Problem to work on
While leaving the pictures out, set down only the lines from the one with "S.H.Monsterarts Godzilla 2019" through the end of the records, exactly as they stand.

[Stored dataset items]
=======
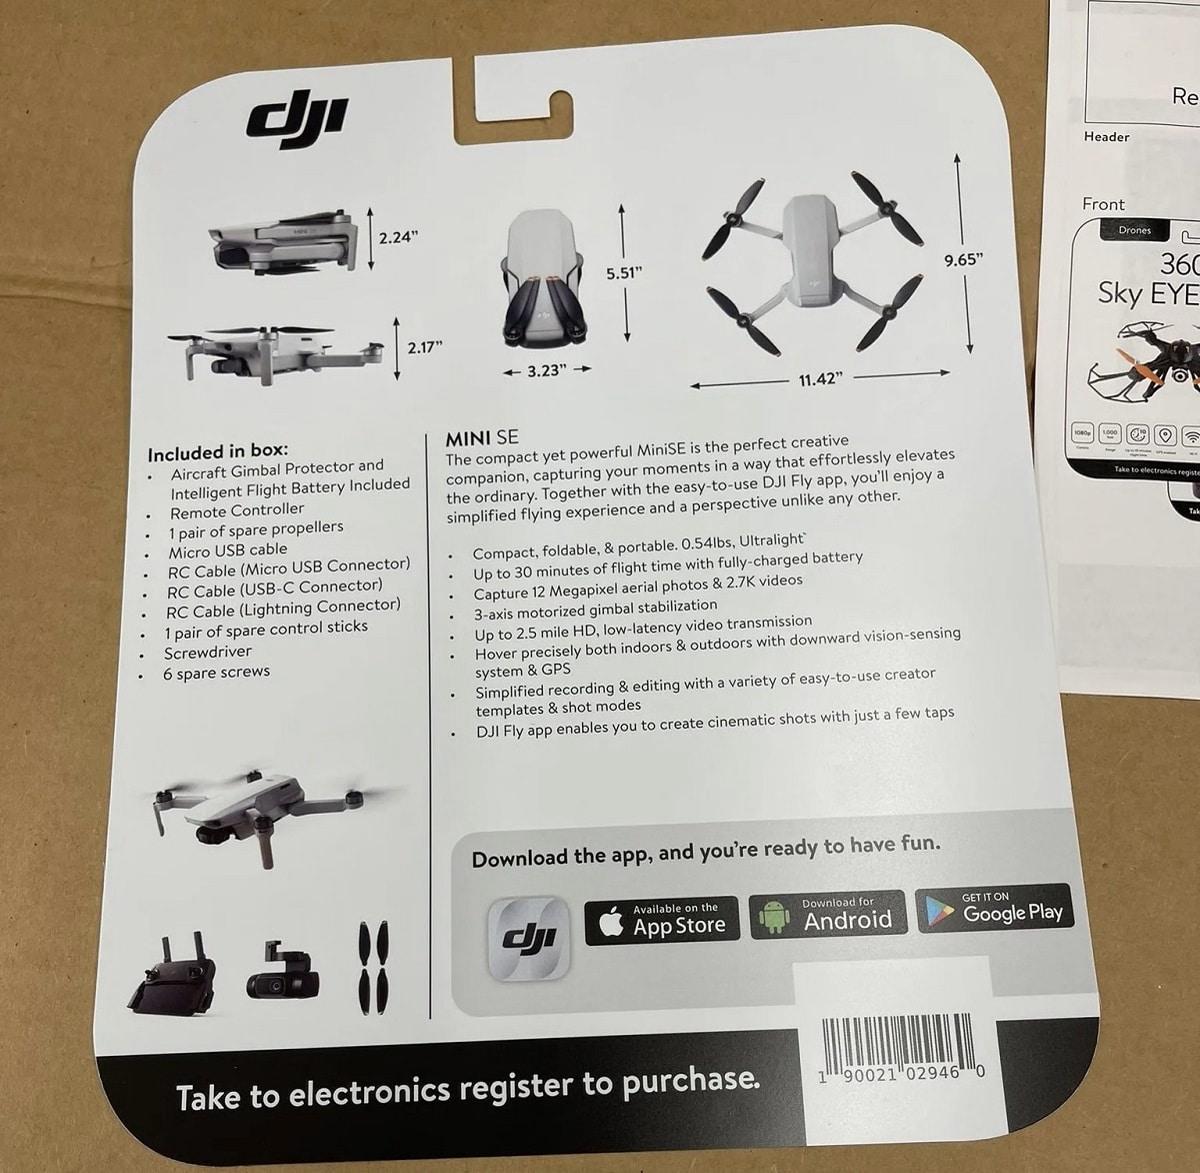 Packaging DJI Mini SE
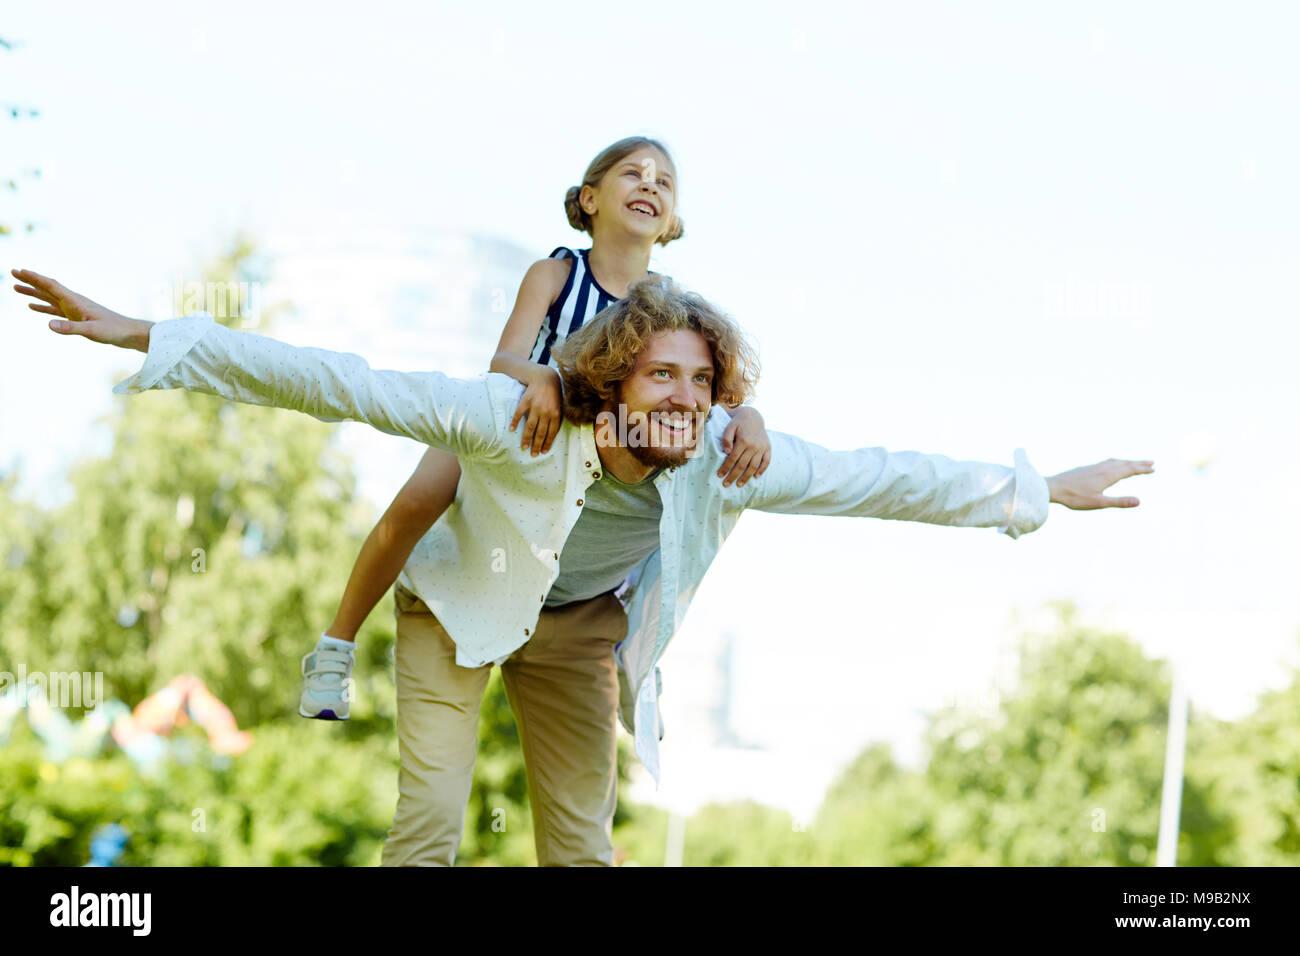 Enjoying summer - Stock Image
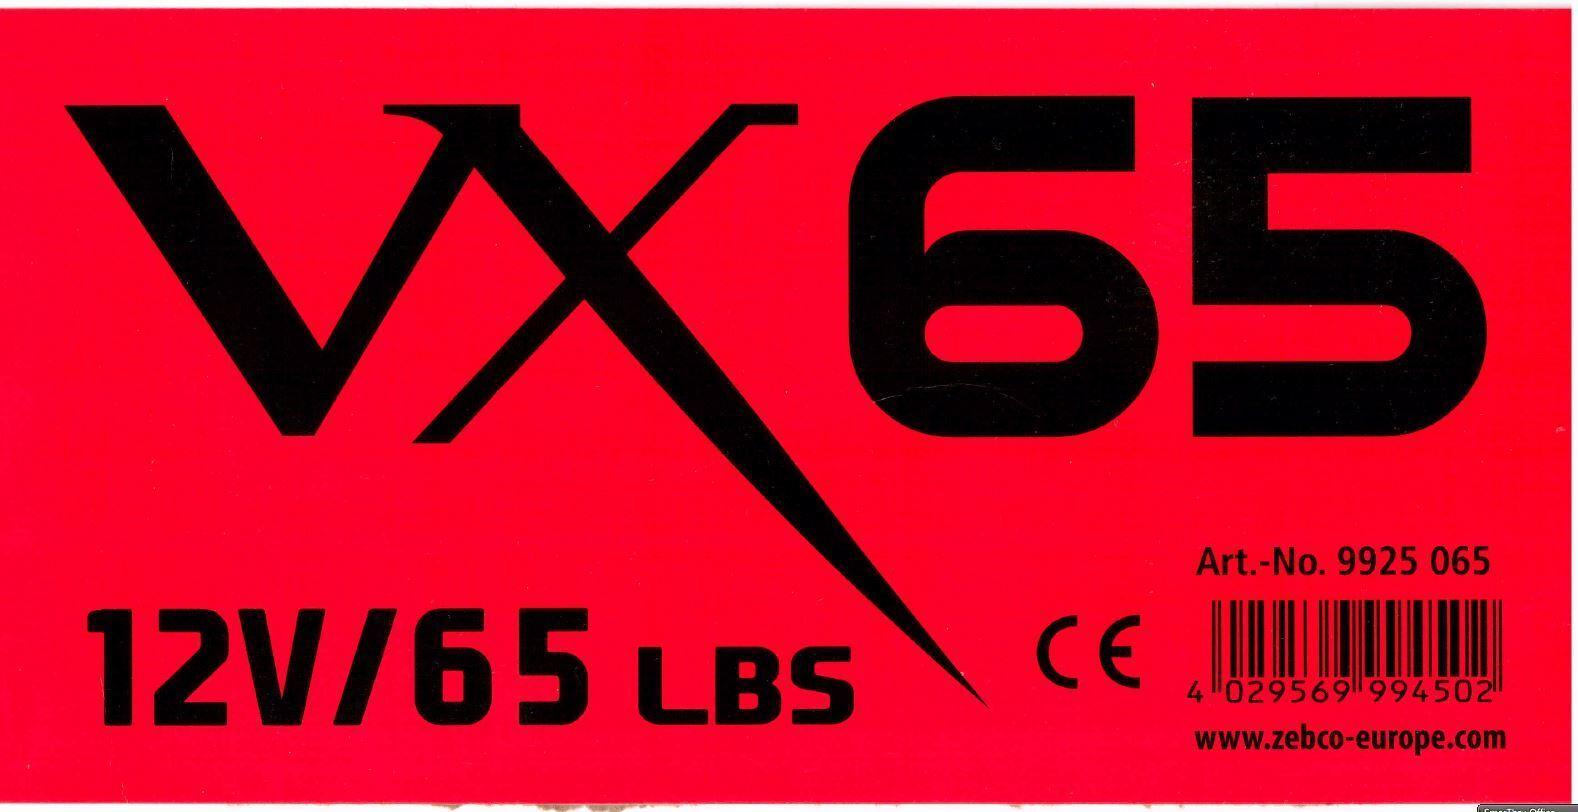 ZEBCO RHINO R - VX NEUES 65 SUPERSPORT ELEKTROStiefelMOTOR 12VOLT NEUES VX MODELL 2017 8c356f
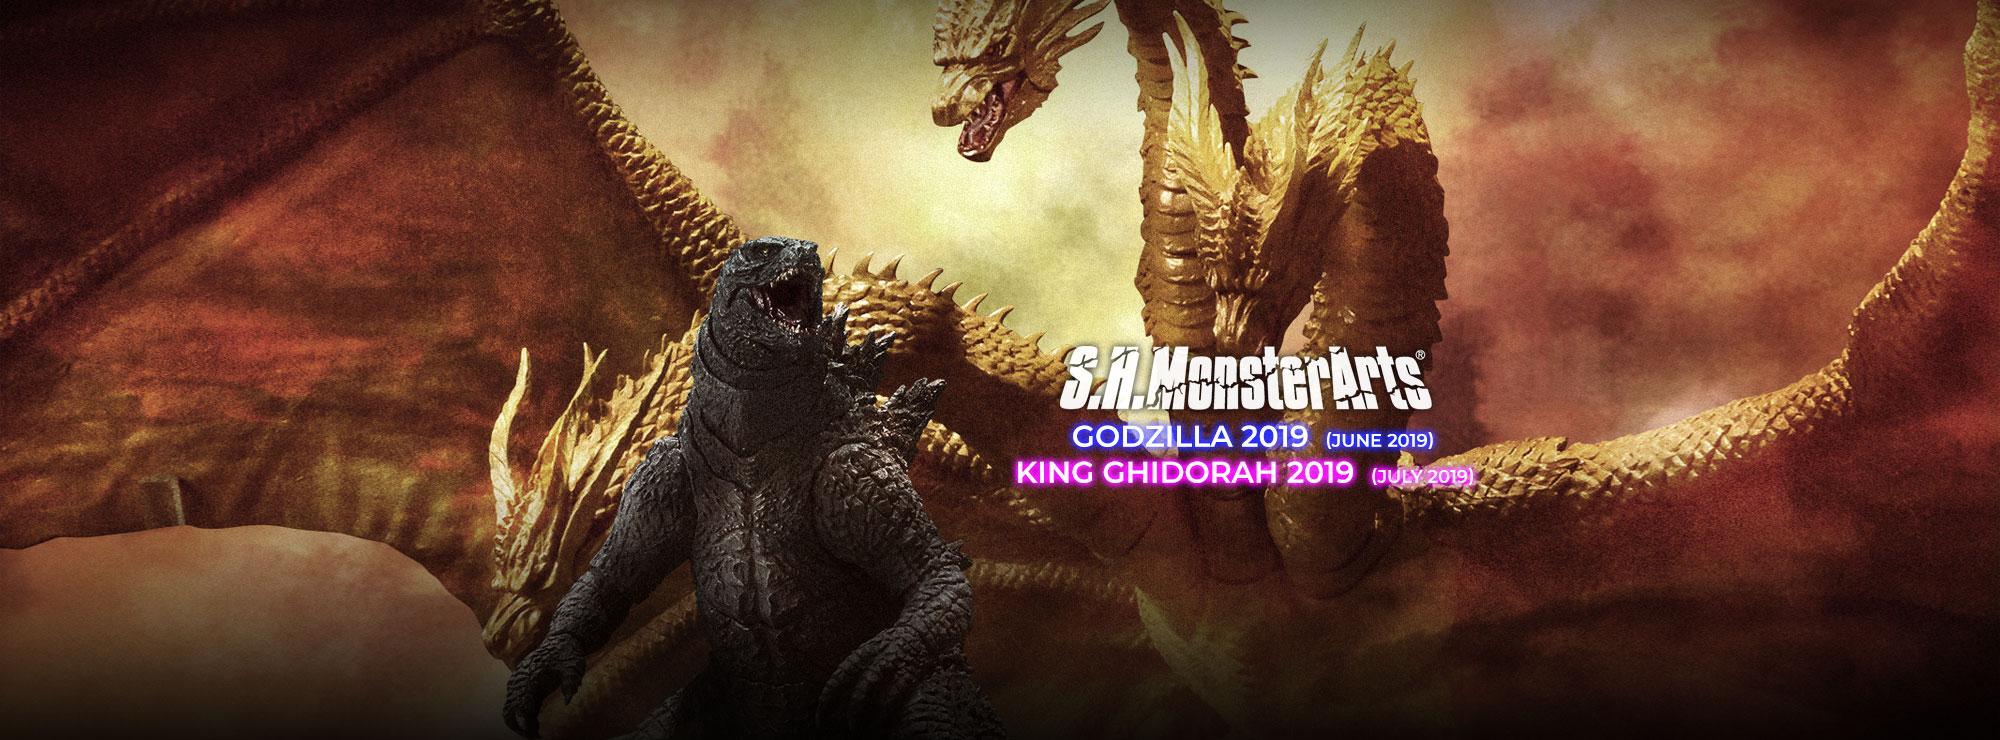 S.H.Monsterarts Godzilla 2019
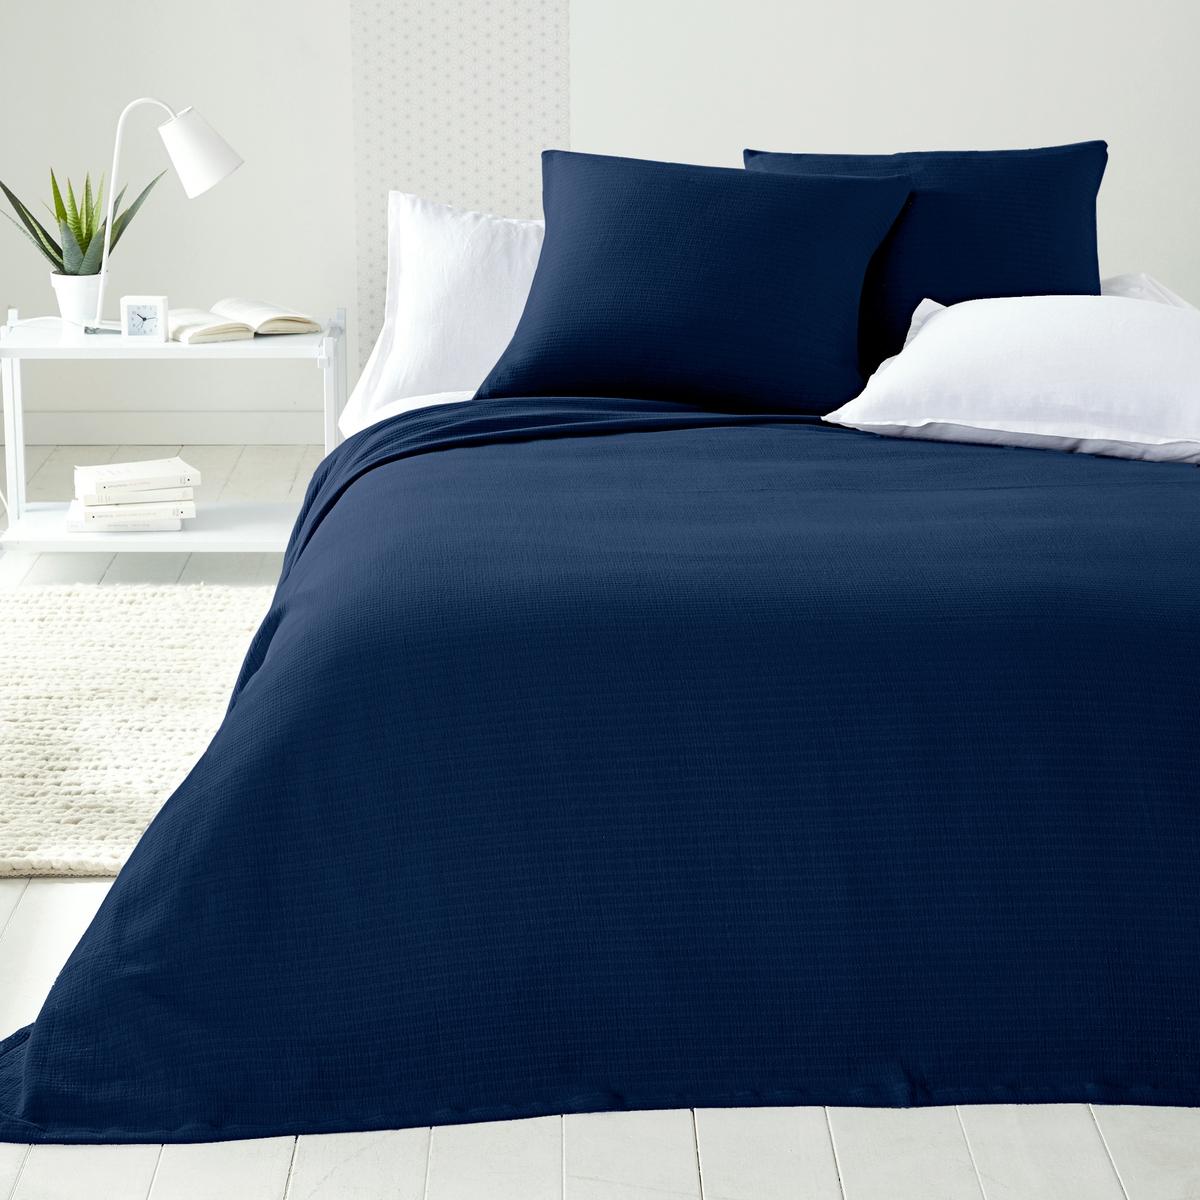 Покрывало La Redoute Для кровати Ihlow 150 x 150 см синий кровати 180 см
=======
Problem solution
 S.H.Monsterarts Godzilla 2019
 Покрывало La Redoute Для кровати Ihlow 150 x 150 см синий кровати 180 см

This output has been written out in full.